19 wound and skin cleaning products were compared across  in-vitro cytotoxicity and antimicrobial activity. SOS was found to be:

10 times less cytotoxic than Prontosan solution,

1,000 times less cytotoxic than chlorhexidine gluconate and Betadine.

 

At a SOS concentration that is completely non-cytotoxic as measured by L929 fibroblast cells SOS reduced S. aureus by at least 4 log within 30 minutes.

By contrast non cytotoxic Prontosan, betadine and chlorhexidine failed to achieve a 4 log kill at 24 hours.

(Javier Aragón-Sánchez, 2013)

Limb salvage was achieved in 100% of patients (with osteomyelitis) treated with SOS

Infection was eradicated in 100% of patients included in this trial and every wound healed; average healing time was 6.21 week.

Only one recurrence was detected and this patient was treated with SOS and no amputation was required to date in the singular complicated case.

(Cheryl M.Bongiovanni, 2006)

A single 60 second application of the SOS to a wound surface showed a significant increase in the TcPO2 measure 5mm from the wound, i.e. increasing from 35 mmHg prior to application to 89 mmHg for up to 36 hours following the single 60 second application

In another patient a single 60 second application of SOS to a wound surface showed a significant increase in TcPO2 measure 10mm from the wound i.e. increasing from 29 mmHg prior to application to 80 mmHg and sustained for 48 hours following the single 60 second application

(Cheryl M. Bongiovanni, 2016)

100% of the 1249 venous leg ulcers treated with SOS were healed completely at the completion of the trial, the average healing time was 28.20 days for the venous leg ulcers treated with SOS, this is compared to 165.2 days which was the cited average time of healing of venous leg ulcers (Wounds Int 2016)

(R. K. Chittoria, 2007)

At the start of the trial 100% of wounds were infected, after 5 days use of SOS 95% of wound became uninfected and only 5% infected.

40% of the wounds were healed by simple wound care by the use of SOS as a wound cleanser, while 55% underwent skin graft surgery and 5% flap procedures once the wounds were uninfected and the wound bed was composed of healthy granulation tissue which was attained following the use of SOS.

None of the patients suffered from noticeable complications during or following the use of SOS.

(Nina Fanggang, 2008)

The average wound healing time in partial thickness burns  was 20.00 days +/- 2.7125 for those patients treated with SOS, compared to 22.1 days +/- 3.007 for the patients in the control group of SSD (Silver Sulfadiazine cream)

(Chiara Goretti, 2007)

Minor amputations were significantly more common in patients treated with Povidone-Iodine, who also experienced significantly slower healing time (212.3 days vs 144.6 days for the SOS group)

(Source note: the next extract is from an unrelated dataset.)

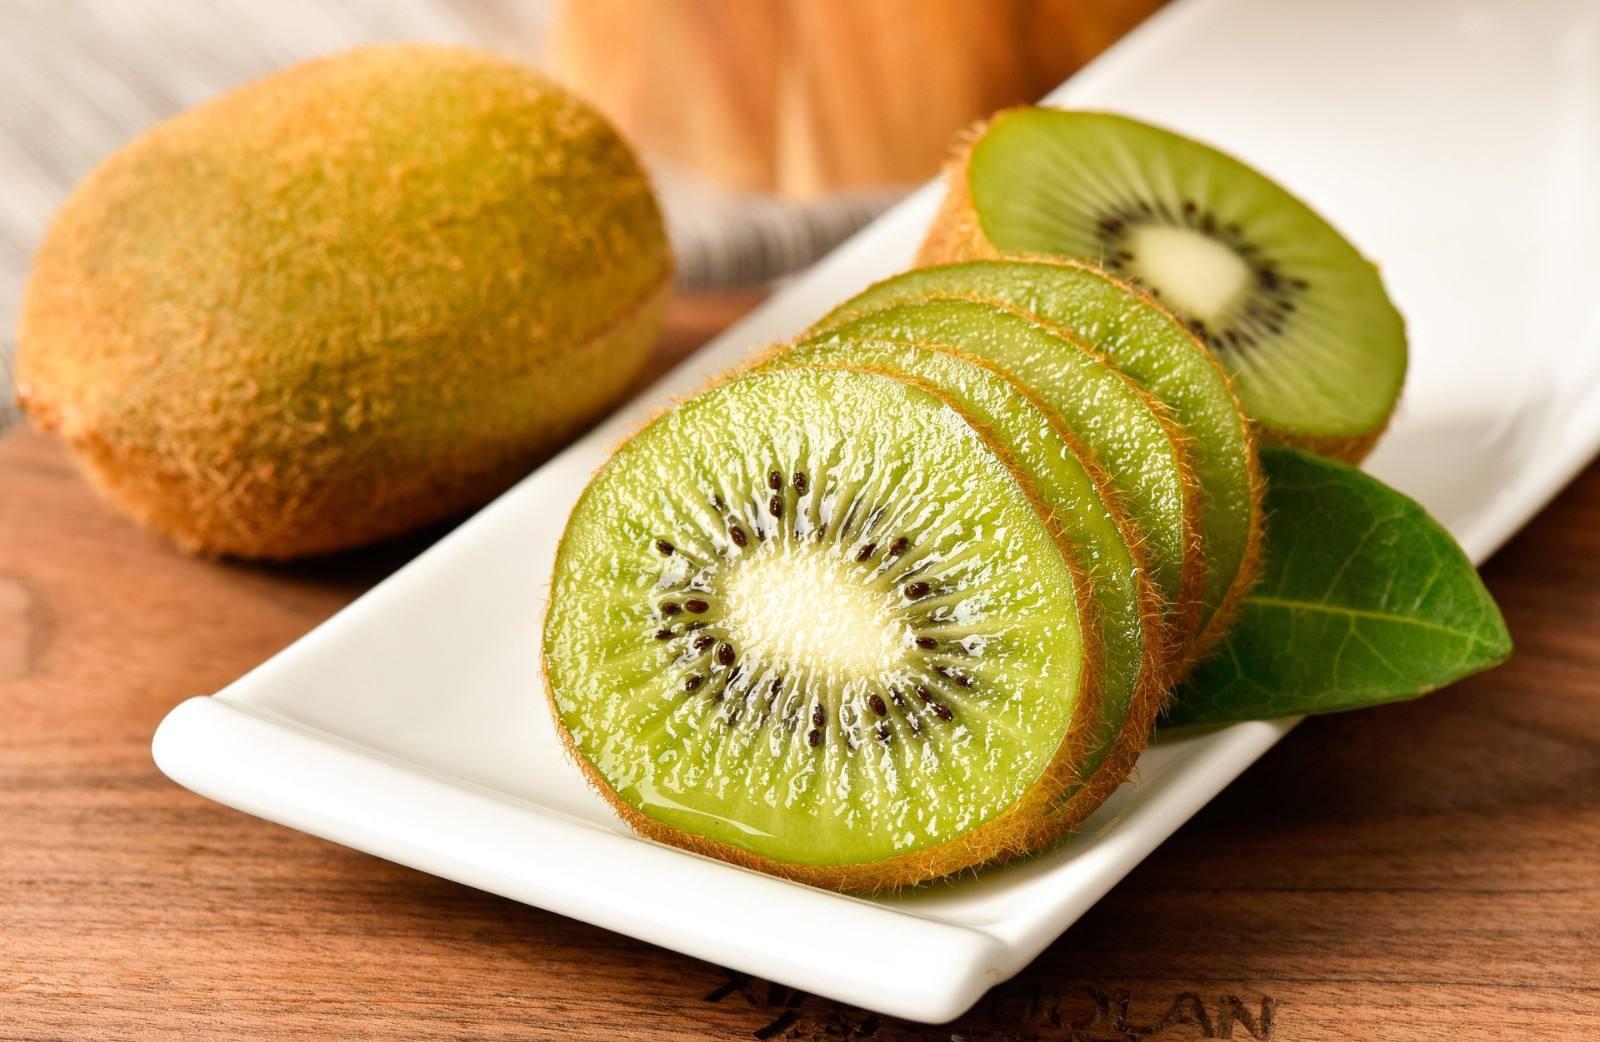 6 loại thực phẩm là thần dược giúp bền vững thành mạch máu, tránh huyết áp cao, mỡ máu và đường huyết cao - Ảnh 6.

In the SOS group 87.5% of patients had healed lesions at 6 months compared with 51.4% of the povidone-iodine group

Patients treated with SOS required antibiotic therapy for a significantly shorter time i.e. mean of 74.7 +/- 32.1 days compared to the historical control 129.6 =+/- 54.4 days and had fewer reinfections (4 SOS group vs 9 PI group) and less need for repeated debridement.

(Syed Fazle Hadi, 2008)

61.76% of patients assigned to the SOS treatment had an improvement / downgrading from stage IV (necrotic tissue) to stage I (healthy epithelization) while only 14.7% in the control group showed such improvement.

62% of patients assigned to the SOS treatment had the shortest length of (1-7 days) compared to only 20% of the patients assigned to the control group (saline, p<0.05), and only 6% of patients assigned to the SOS treatment had the longest length of stay  (>21 days) compared to 16% of patients assigned to the control group (p<0.05)

(Marwaha, 2010)

At the 5 day follow up the average reduction in periwound oedema / erythema in the SOS group was 75% as compared to 40% in the control group (Iodine sol) – Treatment of acute abscesses

At the 12 day follow up the average increase in granulation tissue and epithelialization tissue on the SOS group was 80% as compared to 60% in control group (Iodine solution) – Treatment of burns

At the 21 day follow up the average reduction in wound size in the SOS group was 70% compared to 50% in the control group (Iodine solution)

(Adam Landsman, 2011)

55% of mildly infected DFU patients assigned to the SOS alone group experienced complete resolution of infection at the 4 day of treatment compared with only 28.6% of patients treated with saline as a cleanser and oral levofloxacin.

 

The patient group being treated with SOS and oral levofloxacin had a complete resolution of infection in 44% of patients.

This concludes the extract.